HOLY NIGHT: Pat McCarthy, above, prepares St. Frances X. Cabrini Church in Scituate for what could be the last Christmas Eve service there.

It’s an unwelcome thought for members of St. Frances X. Cabrini Church that tonight’s Christmas Eve service could be their last at the Scituate parish.

“The reality of the day is it’s possible,” said Maryellen Rogers, a spokeswoman for the parishioners, who are counting on an appeal to the U.S. Supreme Court to keep them in their beloved house of worship.

Tomorrow will be the parishioners’ 12th defiant Christmas in the church. The archdiocese and civil courts see them as trespassers, while those who have held vigil in the church since October 2004 say they are standing up for the church that their families built and cared for.

Rogers said her hope has helped her stay strong over the years.

“It would be so much easier to walk away,” she said. “We have given up a big part of our lives, but sometimes you have to do the right thing. … There’s only so much you can take until you stand up and say enough.”

Rogers and others spent hours yesterday replacing Advent’s purple decorations with reds and whites of Christmas. The parish’s Christmas Eve celebration is at 5 p.m.

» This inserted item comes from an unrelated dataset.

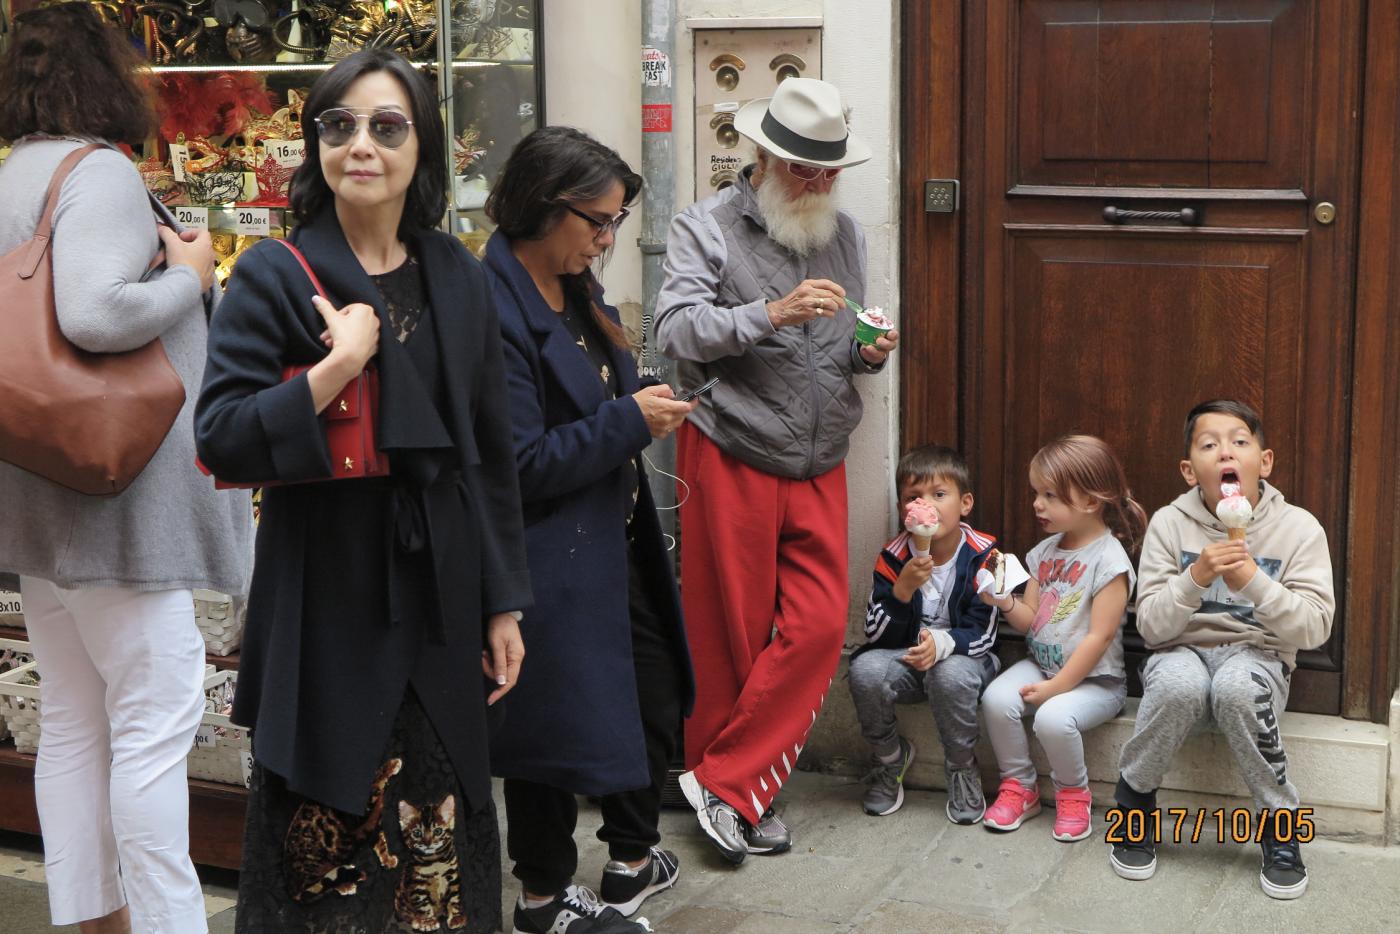 水乡威尼斯:无限的魅力永久的回忆_图1-52
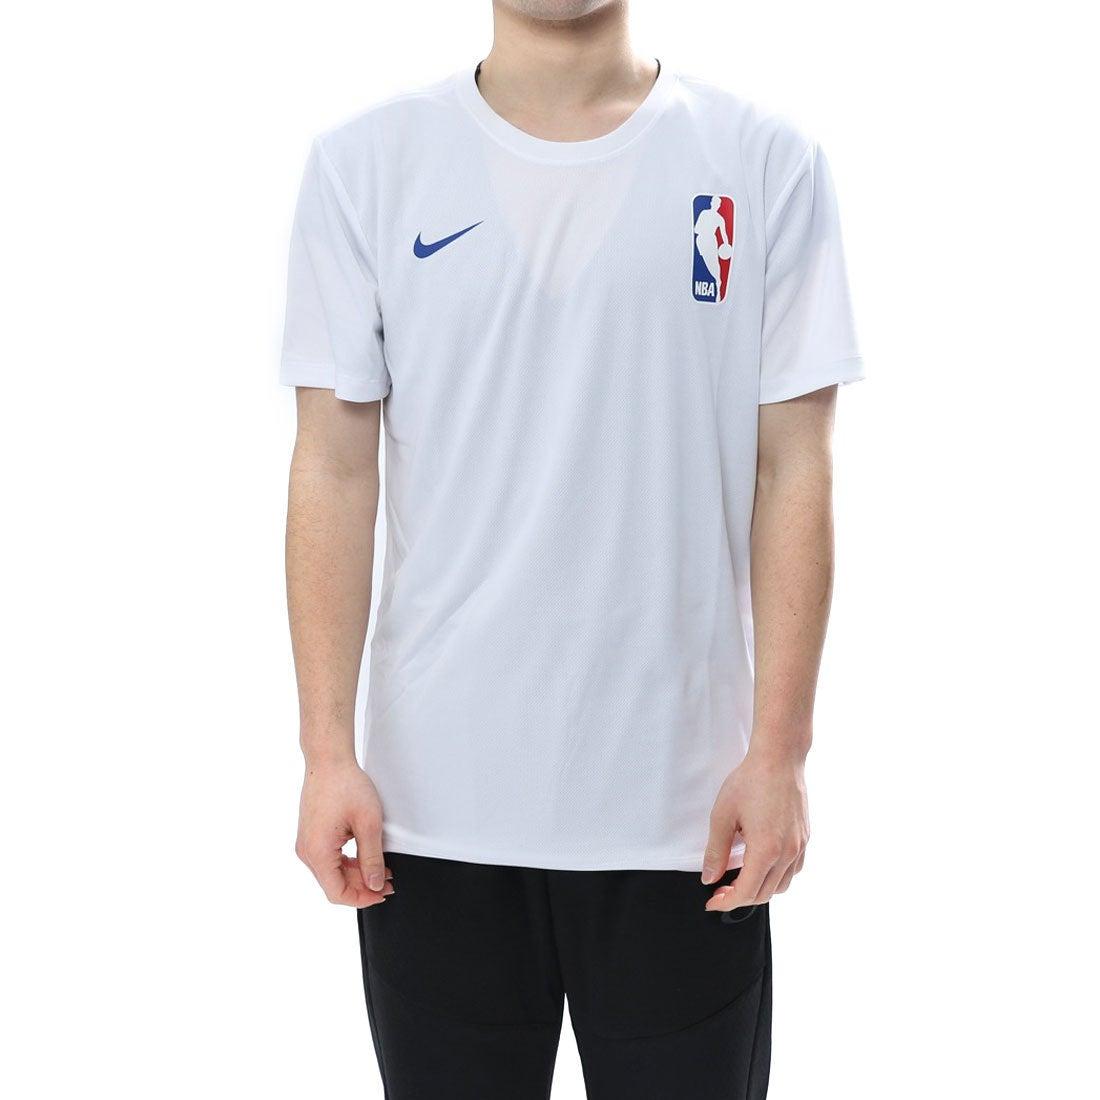 ナイキ NIKE バスケットボール 半袖Tシャツ  SMALL JERRY WEST LOGO S/S Tシャツ AH9204100

“I know that we will stay together as a faith community,” Rogers said. “If need be we will go on with or without the archdiocese.”

In May, a Norfolk County Superior Court judge sided with the archdiocese’s request to evict the parishioners from the church. The Appeals Court agreed with the lower court, ruling in October that the parishioners are trespassers, and the state Supreme Judicial Court declined to hear the case.

Lawyers for both sides agreed Monday to give the parishioners until March 3 to file a petition for the U.S. Supreme Court to hear their case in exchange for a promise from the parishioners to leave if the justices pass on hearing the case or rule for the archdiocese.

Mary Beth Carmody, lawyer for the parishioners, said the court could take months to make any decision.

The parishioners see the closure of the parish as another blow from the archdiocese’s sexual abuse scandal that involved a number of churches in the Scituate area including St. Frances X. Cabrini.

“We should have lost our minds,” Rogers said. “But we still came to church and put our money in the collection plate, and we just kept going along with our day-to-day business. We really should have demanded change way back then.”

The archdiocese has urged the holdouts to leave their church and join other parishes.